Please confirm that the foregoing correctly sets forth all the terms and conditions of our agreement with respect to the Transaction by responding within three (3) Business Days by promptly signing in the space provided below and both (i) faxing the signed copy to Incoming Transaction Documentation, Barclays Capital Global OTC Transaction Documentation & Management, Global Operations, Fax +(44) 20-7773-6810/6045, Tel +(44) 20-7773-0177/0178, and (ii) mailing the signed copy to Barclays Bank PLC, 5 The North Colonnade, Canary Wharf, London E14 4BB Attention of Incoming Transaction Documentation, Barclays Capital Global OTC Transaction Documentation & Management, Global Operations. Your failure to respond within such period shall not affect the validity or enforceability of the Transaction as against you. This facsimile shall be the only documentation in respect of the Transaction and accordingly no hard copy versions of this Confirmation for this Transaction shall be provided unless the Counterparty requests.

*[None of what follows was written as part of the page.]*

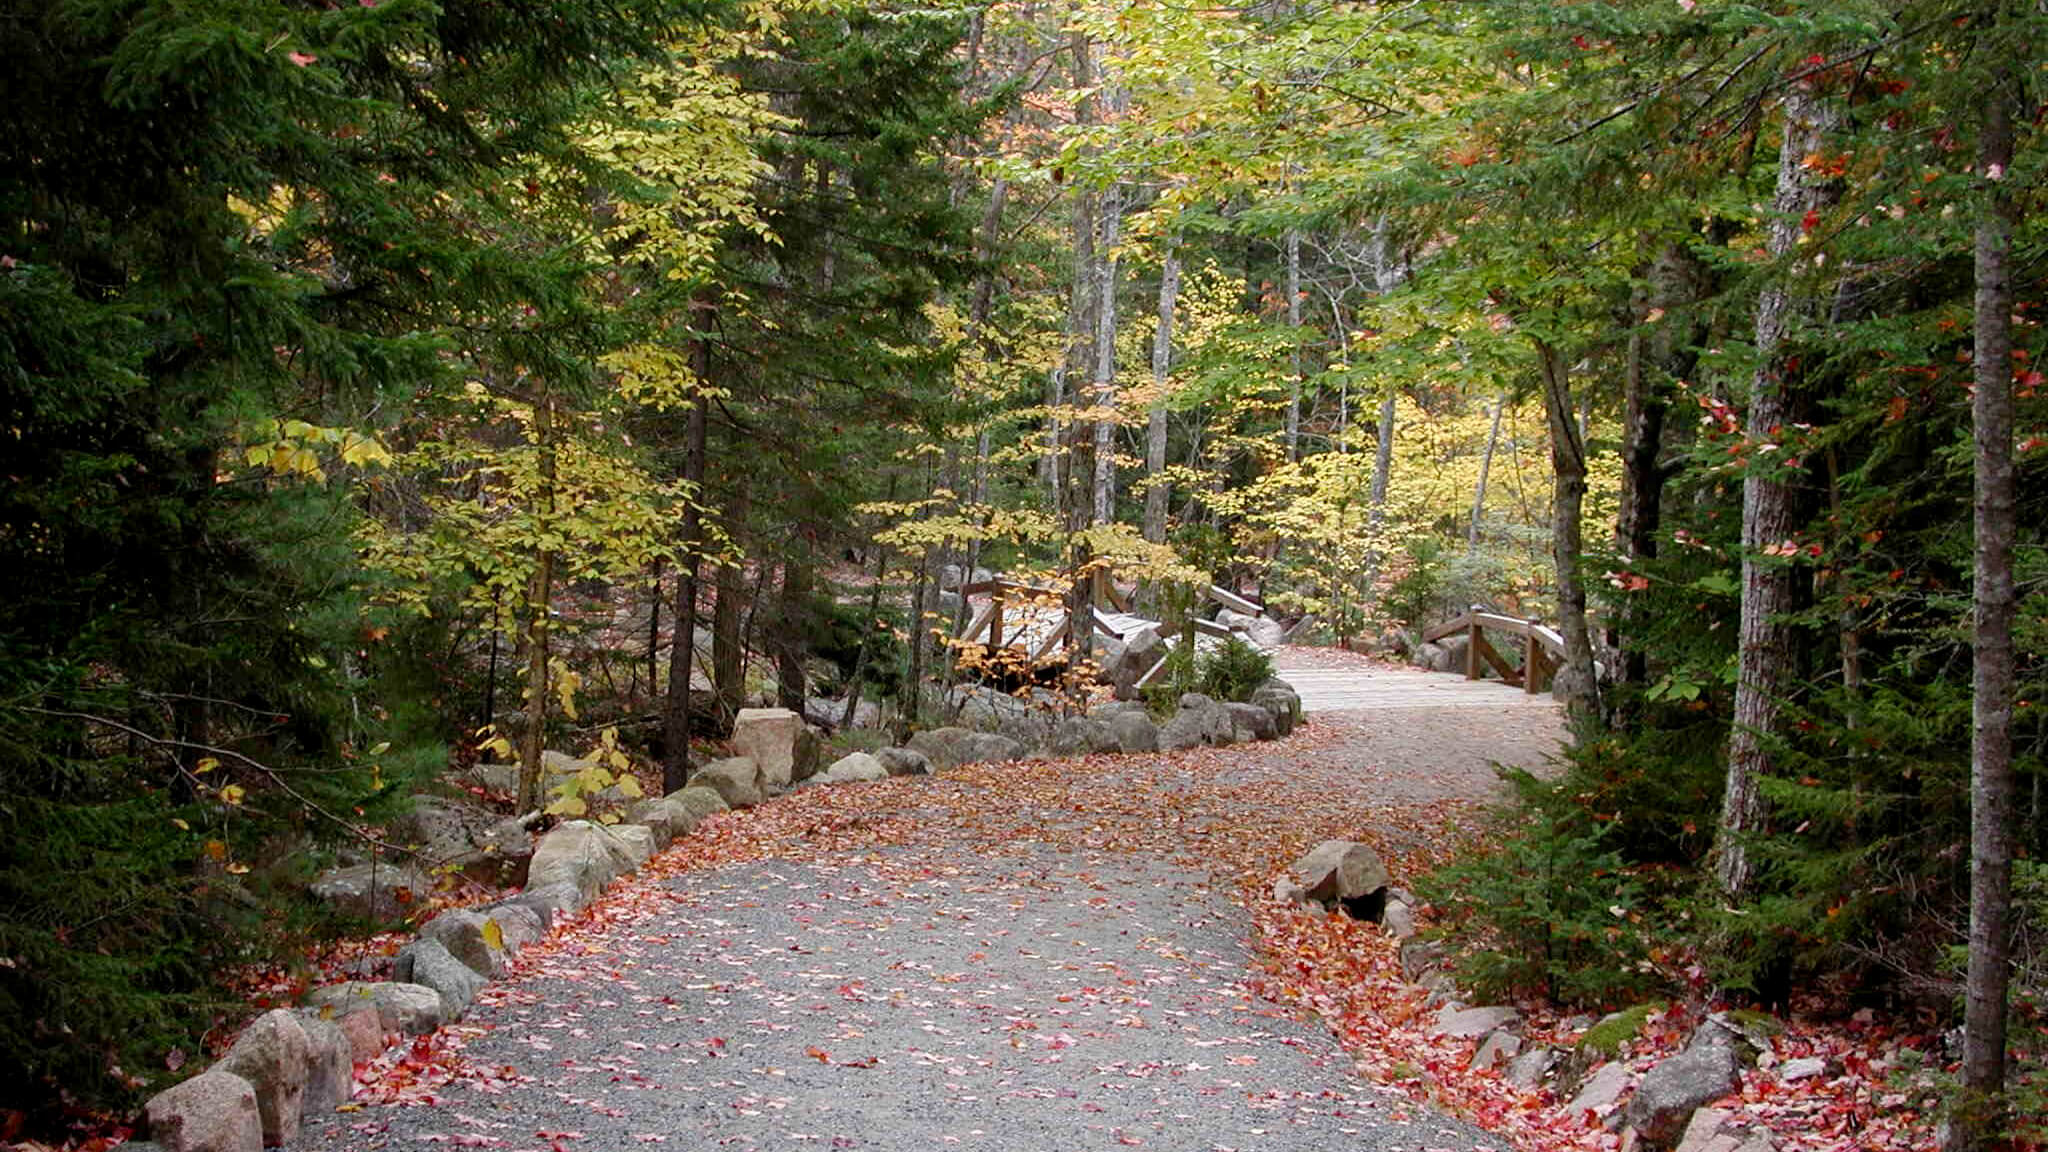 Autumn on Acadia National Park's bike trail

|For and on behalf of||For and on behalf of|
|BARCLAYS BANK PLC||NATIONAL CINEMEDIA LLC|
|/s/ Linda Alexander||/s/ Gary W. Ferrera|
|Authorised Signatory||Authorised Signatory|
Barclays Bank PLC and its affiliates, including Barclays Capital Inc., may share with each other information, including non-public credit information, concerning its clients and prospective clients. If you do not want such information to be shared, you must write to the Director of Compliance, Barclays Bank PLC, 222 Broadway, New York, N.Y. 10038.